Archives for posts with tag: baby rabbit

I watched a wonderful documentary on BBC Four the other night about the dawn chorus.  It was part of the slow television series of programs which included a very relaxing two hours of television following a barge on it’s journey up the Kennet and Avon canal.

Mehmet The Magnificent and Tina Sparkles had gone to bed early leaving me with Tomasz and Tufty-Tim curled up on the sofa beside me.  According to the documentary, early May is when the dawn chorus is at its loudest and as the television set came alive with the trill of bird-song the cats began to stir.  Tomasz, a seasoned house-cat having had two homes before being adopted by my clients, watched the screen intently but seemed to know that the birds that hopped about on it were not accessible to him.  Tufty-Tim, however, being the youngest member of The Freathy Feline Four and coming from rural beginnings was fascinated and flummoxed by the chirping, two dimensional creatures that tantalizingly fluttered before him.  So real did Tufty-Tim believe them to be that he sat in front of the television, patting the image of a blackbird perched on the branch of a tree with his paw.  When the black bird flew off, Tim got up onto the television table but couldn’t catch it!  I had visions of Tufty-Tim jumping over the telly and getting into a pickle.  Despite encouraging him down from his vantage point, Tim still had to check around the back of the T.V. set just in case his feathered prey were hiding behind it!!

Can you hear the rabbit screaming?! Can you?!  Well I did the other day when Gwynn, the springer spaniel caught a kit!! I’m used to the spangles disappearing into the woodland undergrowth, especially Gwynn, who I’ve nick-named Thunder Knickers because she charges through the brush like a rhino with a firework tied to it’s tail!! So I didn’t take too much notice of her headlong dash into the foliage other than Bracken, who is usually her steadying influence, followed after her.  I was alerted that something was a foot by a stomach churning scream which had me looking around wildly for a child in danger!  It was then that Gwynn came tumbling out of the thicket of brambles with the baby rabbit between her jaws!
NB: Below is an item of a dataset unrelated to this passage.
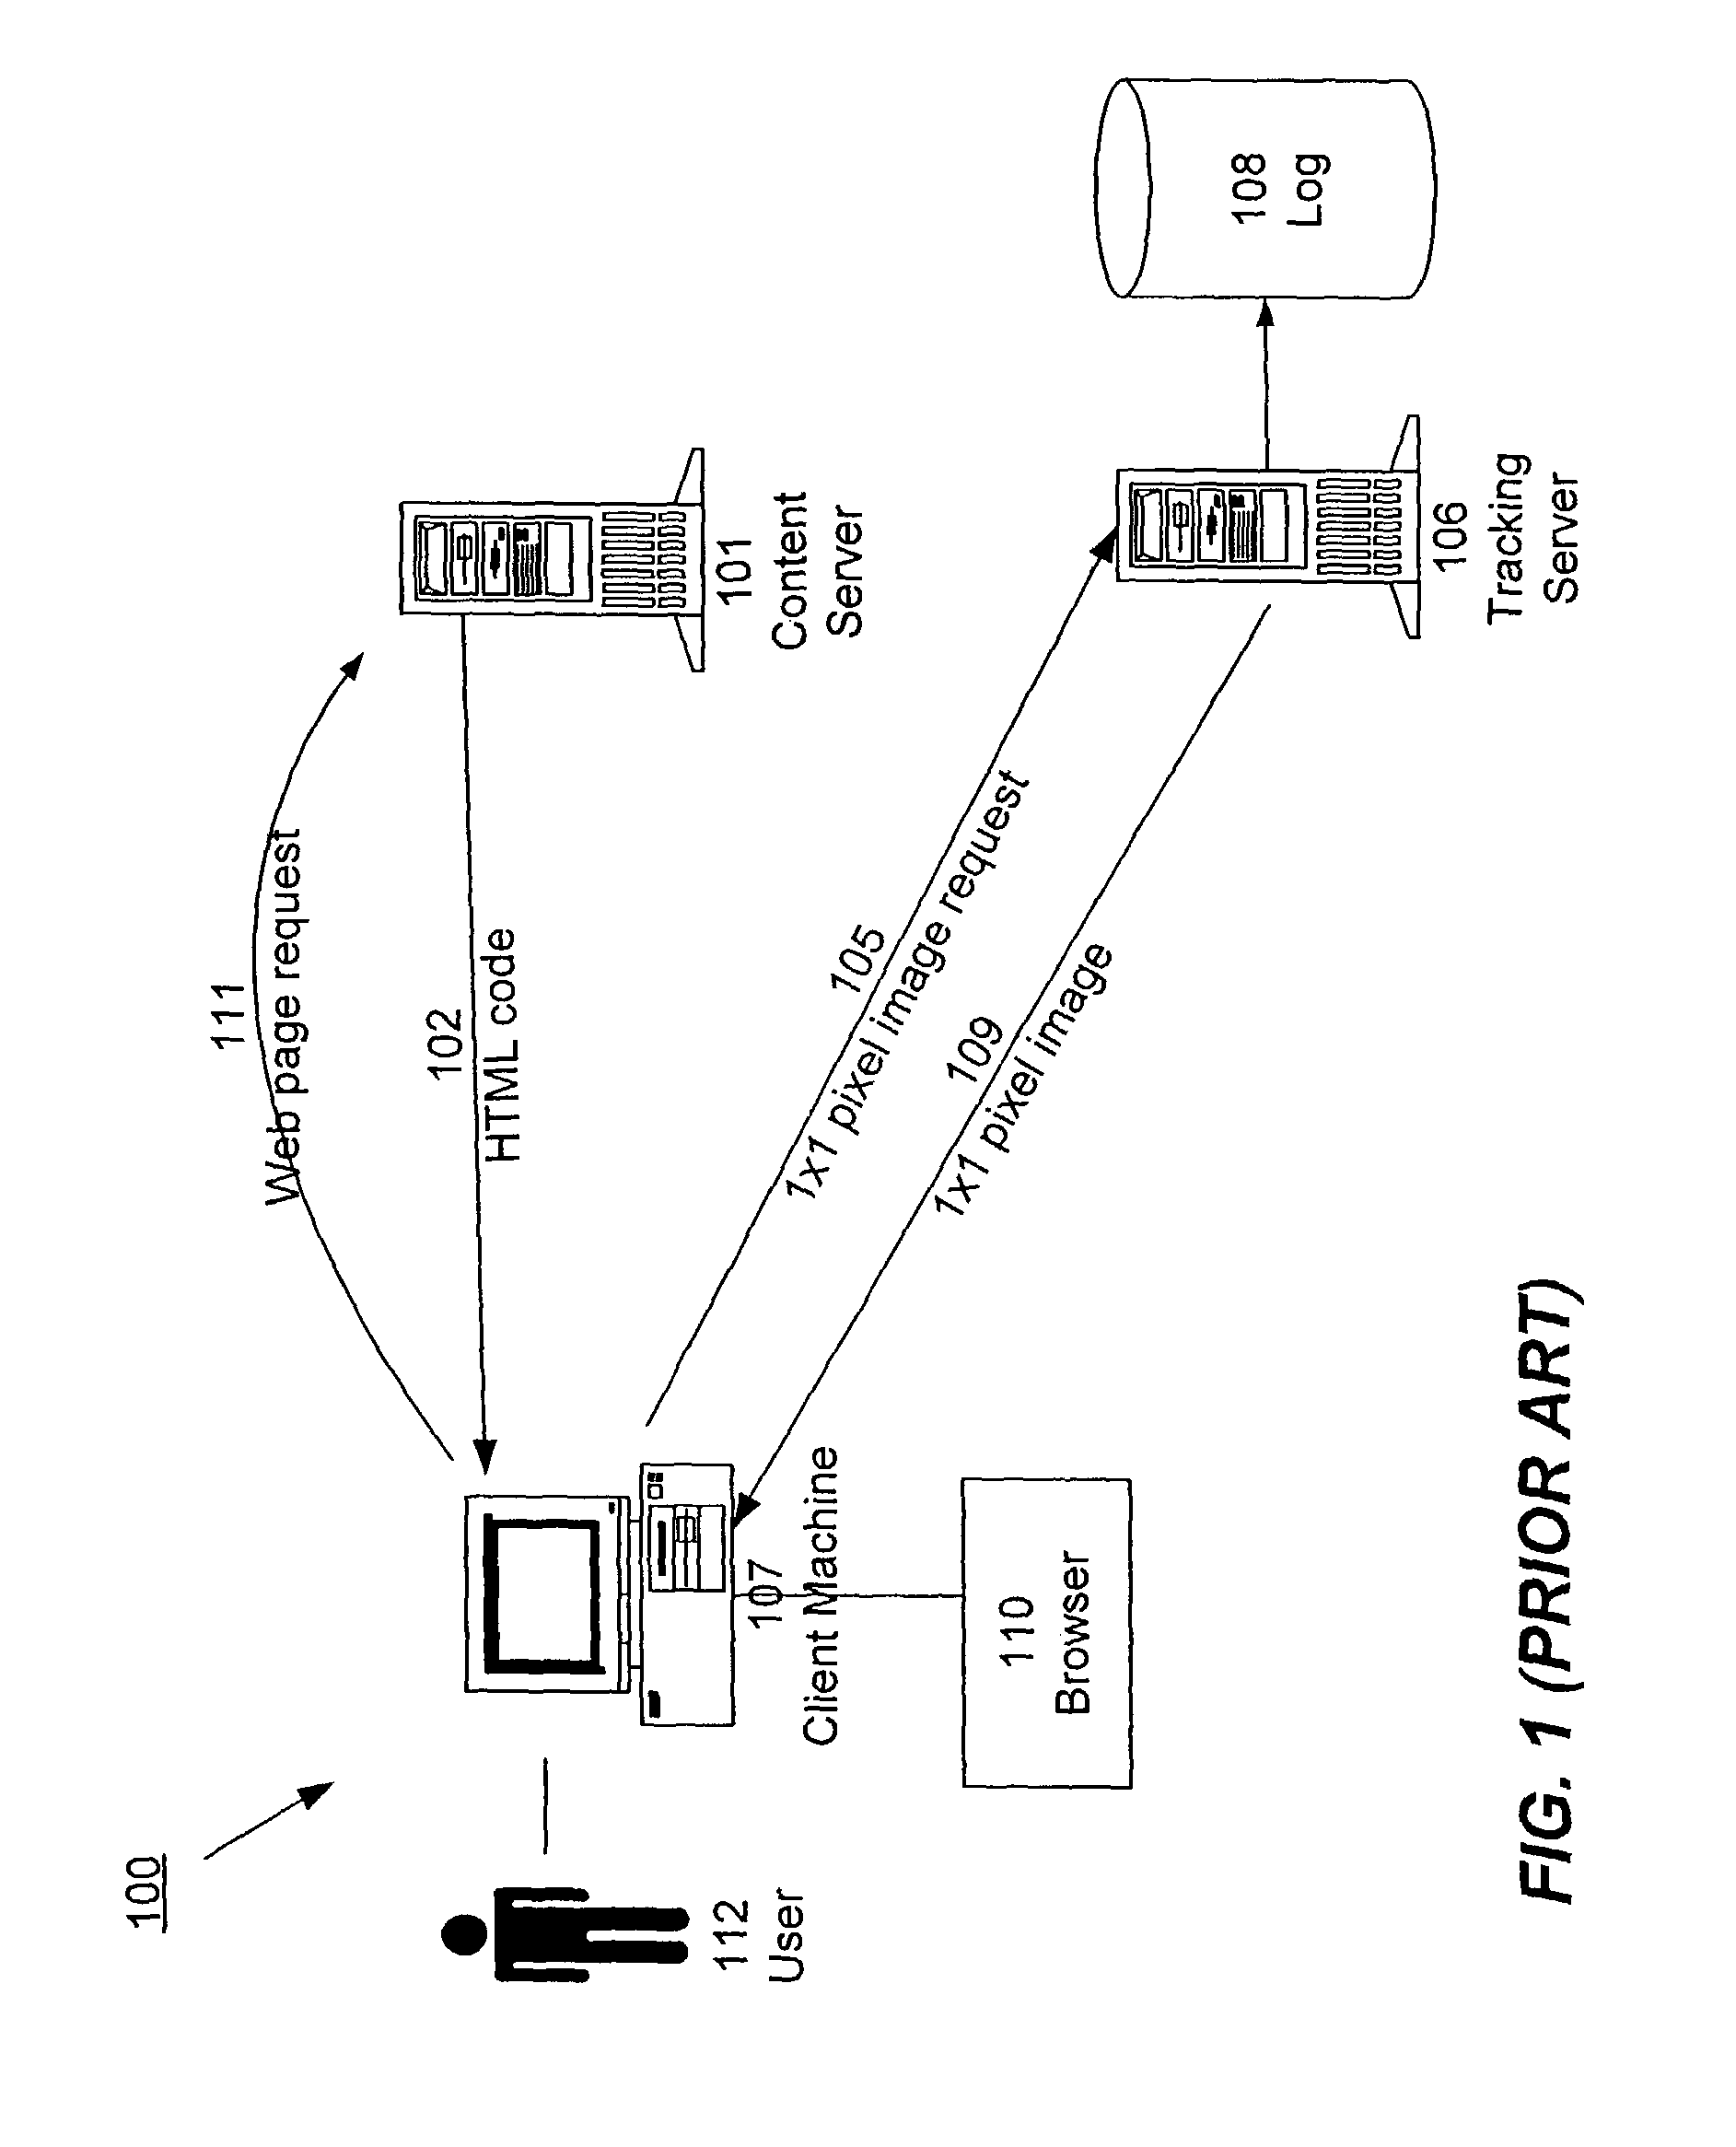 Distributed data collection and aggregation

In her excitement she dropped the hapless rabbit, which stunned, lay on its side gasping for breath.  I’ll give the dogs their due, once I’d warned them off it, they left the small, bundle of grey fur alone.  I couldn’t be sure if Gwynn had done any internal damage to the creature.  I took in the rabbit’s heaving side, it’s huge black glassy eye and its tiny body and thought I can’t dispatch this poor thing, what am I going to do?  I didn’t want to let the dogs finish it off, which might have been quicker?!  I wondered if the shock would kill it? In the end I left the kit, hoping it would recover from the shock.  I felt terrible as I walked away from the small, helpless animal but I couldn’t bring myself to put an end to its suffering, which may have  been a kinder thing to do I guess.  I took the dogs on a circular walk and we passed again the spot where Gwynn had dropped the baby rabbit, it wasnt’ there.